Türkiye'nin yurt dışında görev yapan büyükelçilerinin eşlerine Cumhurbaşkanlığı Sarayı'nda verdiği yemekte konuşan Erdoğan, sözlerine Hz. Mevlana'nın "pergel" metaforundan ilham alarak başladı.
Emine Erdoğan, "Hz. Mevlana, pergelin bir ayağını belli bir noktada sabitleyip, diğer hareketli ayağı ile alemi dolaşmaktan söz ediyor. Sizler de sabit ayağı ülkemizde olan, hareketli ayağı ile tüm dünyaya uzanan bir teşkilatın mensuplarısınız. Kültürümüzden, geleneğimizden, tarihimizden aldığınız gücü, yerkürenin farklı köşelerine taşıyor, ülkemizin temsiline katkıda bulunuyorsunuz. Kiminiz şehitlerimizin de olduğu coğrafyalarda, kiminiz soydaşlarımızın yaşadığı topraklarda, kiminiz ise hiç tanımadığımız, bilmediğimiz memleketlerde ülkemizin bayrağını taşıyorsunuz" diye konuştu.
Eşleri olarak, büyükelçilerin yoğun çalışma temposu nedeniyle aile içindeki boşluğunu doldurmak yanında, kendi projeleriyle, birikimleriyle, Türkiye'nin temsiline katkı sağladıklarının farkında olduklarını dile getiren Erdoğan, bunun için büyükelçi eşlerine teşekkür etti.
Emine Erdoğan, mesafelerin kısaldığı, coğrafi sınırların eski önemini kaybettiği, uzakların yakın olduğu bir dünyada uluslar arası ilişkilerin mahiyetinin de değiştiğine, devletlerin artık sadece askeri ve ekonomik güçleri üzerinden değil, 'yumuşak güç' denilen farklı unsurlar üzerinden kendilerini ifade ettiğine dikkati çekti.

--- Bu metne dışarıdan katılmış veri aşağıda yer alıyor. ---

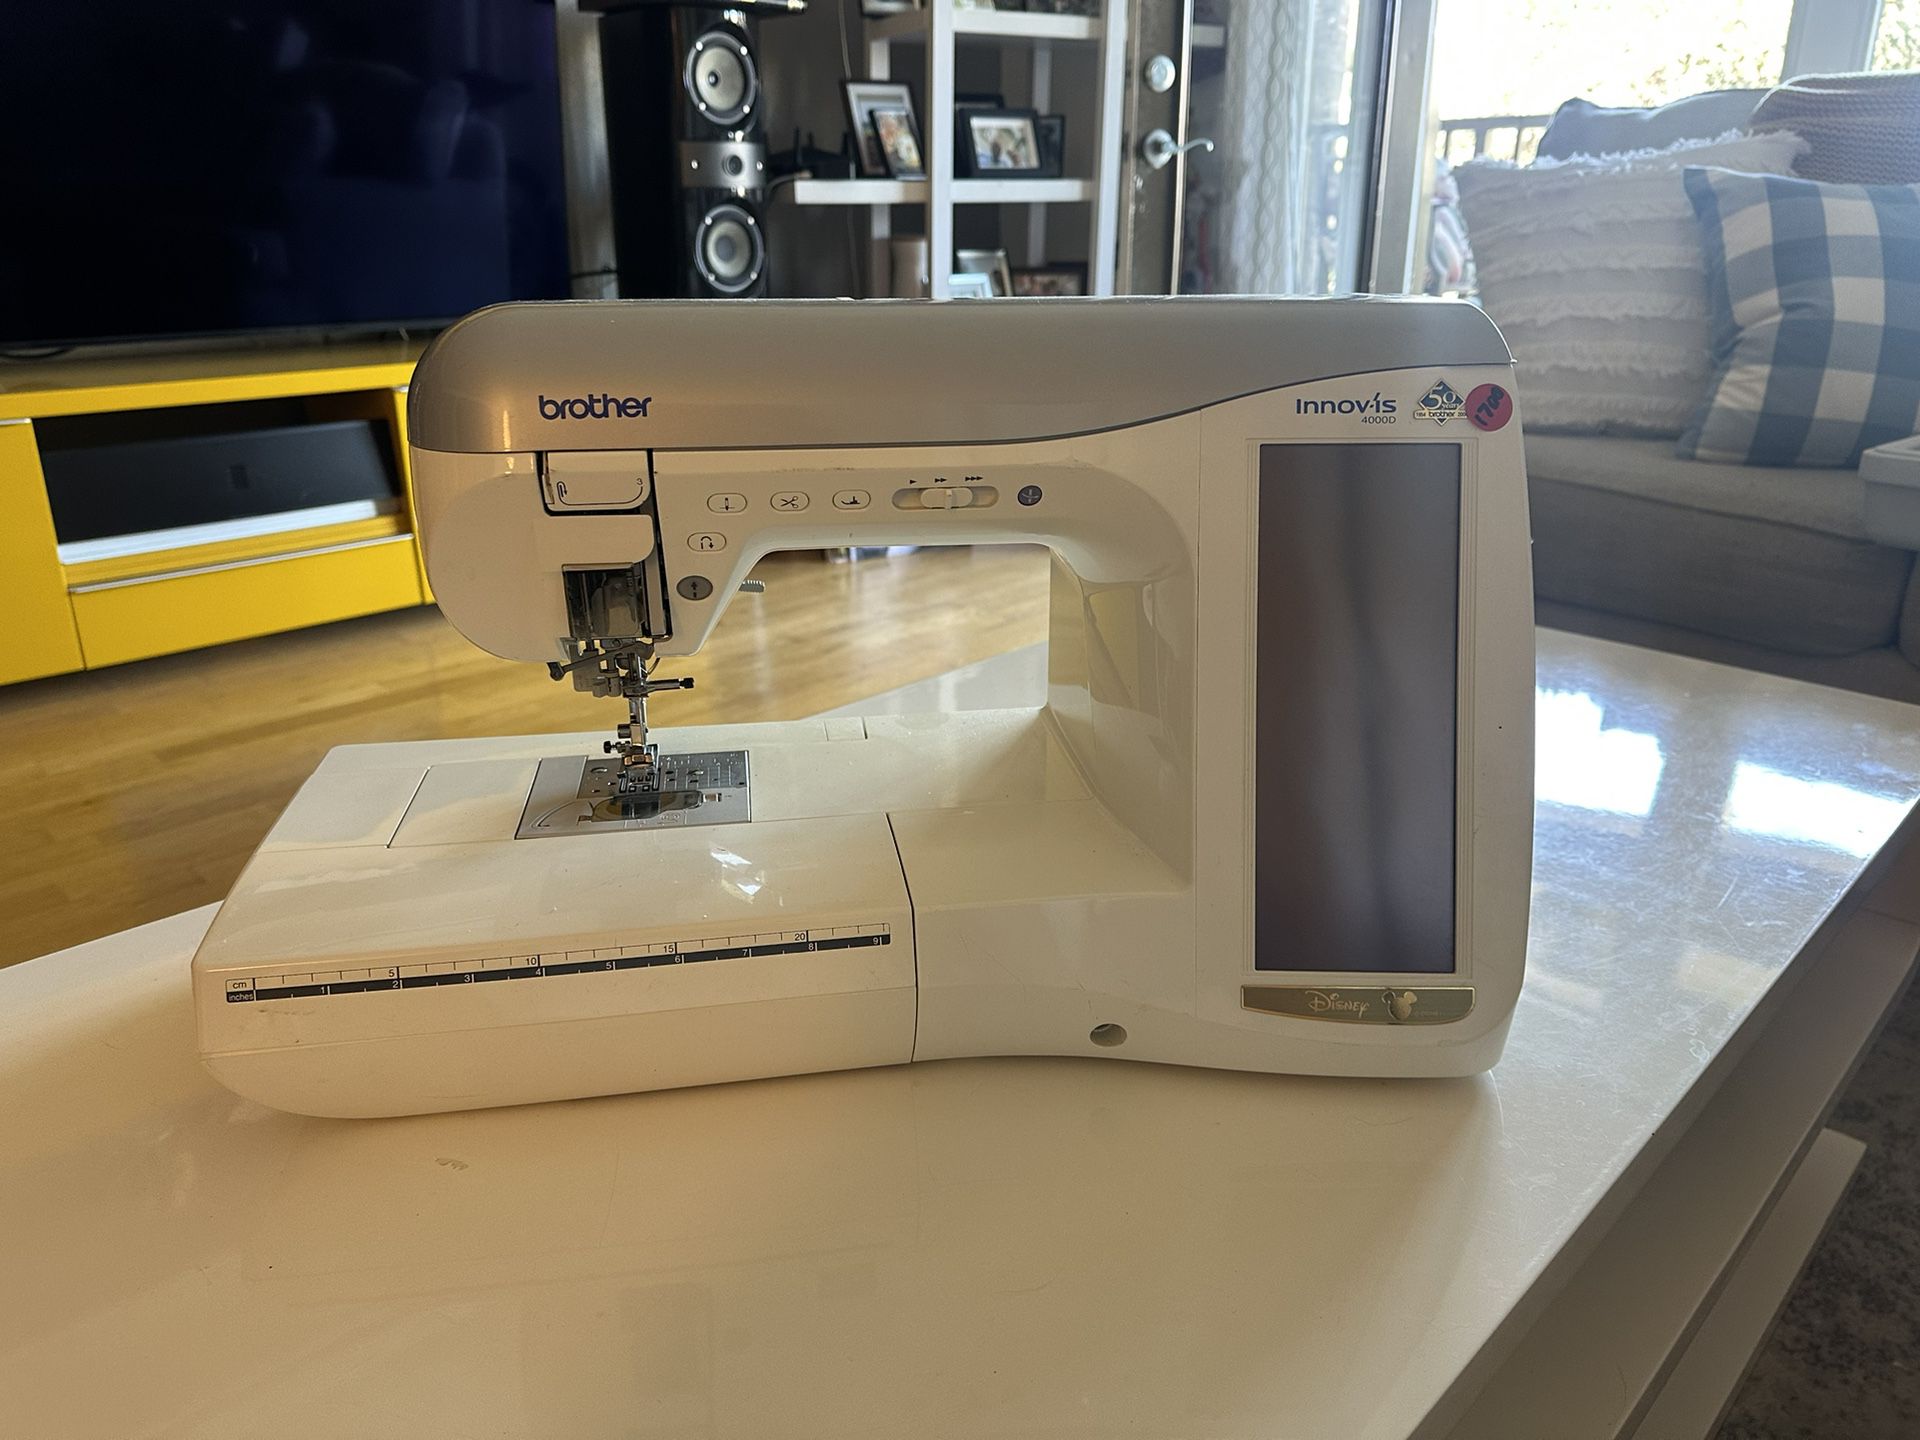 Disney Innovis NV4000d Sewing Machine

Zengin tarihi birikiminin, Mevlana, Yunus Emre ve Hacı Bektaş-ı Veli gibi büyük şahsiyetlerinin miras bıraktığı prensiplerin, Türkiye'nin yumuşak güç kaynaklarını oluşturduğunu vurgulayan Erdoğan, "Sizler Dışişlerine mensup kadınlar olarak, Türkiye'nin yumuşak gücünü uluslar arası alanda aktif hale getirebilirsiniz. Hiç sömürge olmamış bir coğrafyanın özgüveni ile demokrasiyi Müslüman kimliğiyle buluşturabilen bir ülkenin fertleri olarak milli değerlerimizi küresel eğilimlerle buluşturabilirsiniz" şeklinde konuştu.
-"Özgürlükler alanında büyük adımlar atmış bir Türkiye var"
Emine Erdoğan, Türkiye'nin artık 10 yıl öncesiyle kıyaslanamayacak bir ülke olduğuna işaret ederek, Türkiye'nin gerek demokratikleşme yolunda gerekse temel hak ve özgürlükler alanında büyük adımlar attığını vurguladı.
Türkiye'nin son 12 yılda, dünyanın sayılı ekonomileri arasına girdiğini, yardım alan değil, yardım yapan ülke konumuna yükseldiğini anlatan Erdoğan, "Türkiye'nin bu özgün hikayesine kulak kabartan, onu merak eden çok sayıda çevre var yurtdışında. Ama aynı şekilde bu gelişmelerden rahatsız olanlar ve bu ilerlemeleri olumsuz algı operasyonlarıyla gölgelemek isteyenler de var" dedi.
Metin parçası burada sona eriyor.